The 30-step grinder adjustment is the other meaningful upgrade. Each step represents a smaller increment of grind size change, which means finer-grained dialing in when you’re working with a new bag of beans or chasing a specific extraction profile. For someone who switches between multiple bean varieties or frequently experiments with light roasts, this matters. For someone who buys the same bag every two weeks and makes lattes, it probably doesn’t.

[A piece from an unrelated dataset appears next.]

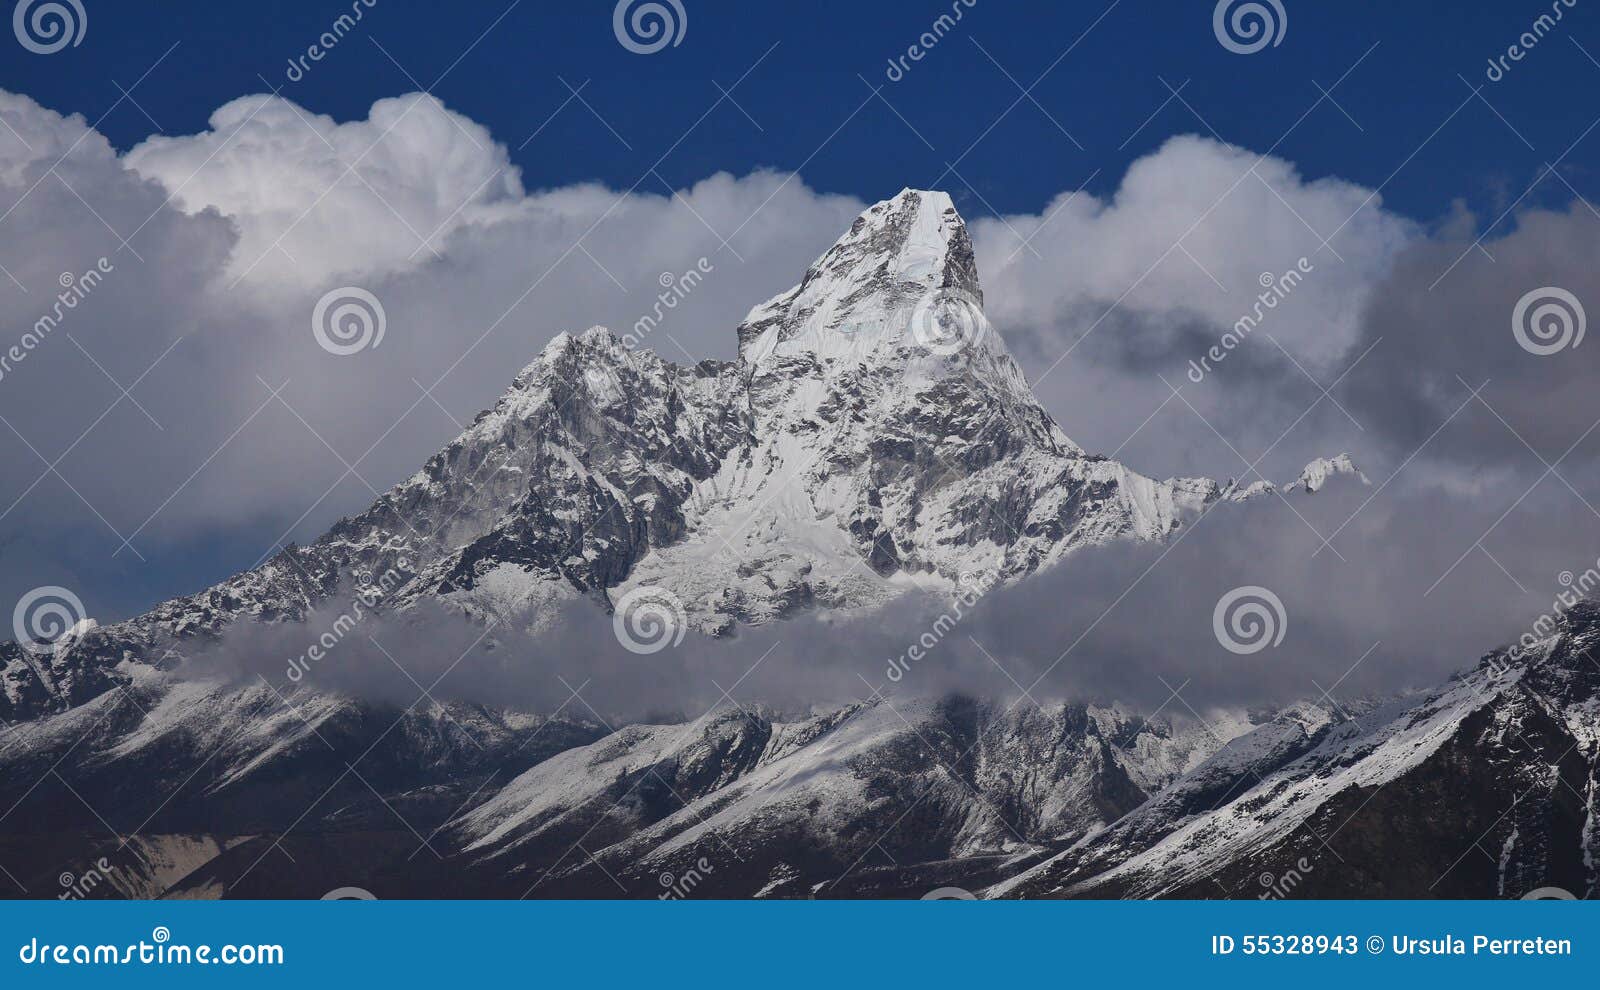 peak of ama dablam surrounded by clouds
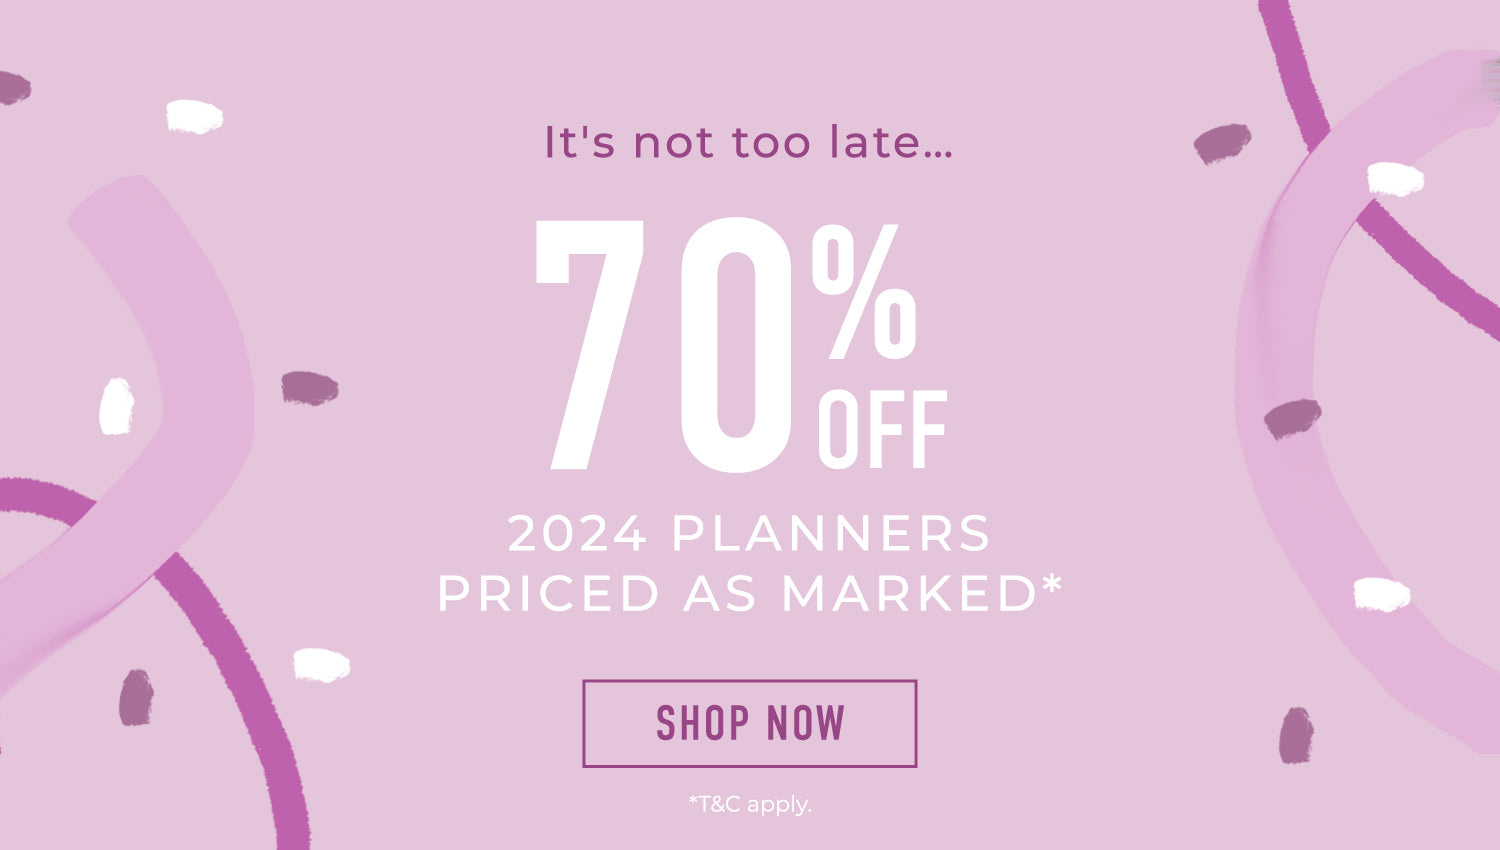 70& Off 2024 Planners - Prices as marked

The LCD touchscreen gives you temperature in °C or °F (five settings vs. three on the Express), a shot timer, and a cleaner interface for adjusting settings. The display is genuinely nice to use — clearer than button-and-dial navigation.

Shot Quality

The Barista Pro pulls shots that are comparable to the Express in ideal conditions. The ThermoJet heating is slightly more consistent in temperature stability for the first shot of the day, and the finer grinder adjustment helps when you’re chasing a specific extraction window. The shots taste the same when both machines are dialed in correctly.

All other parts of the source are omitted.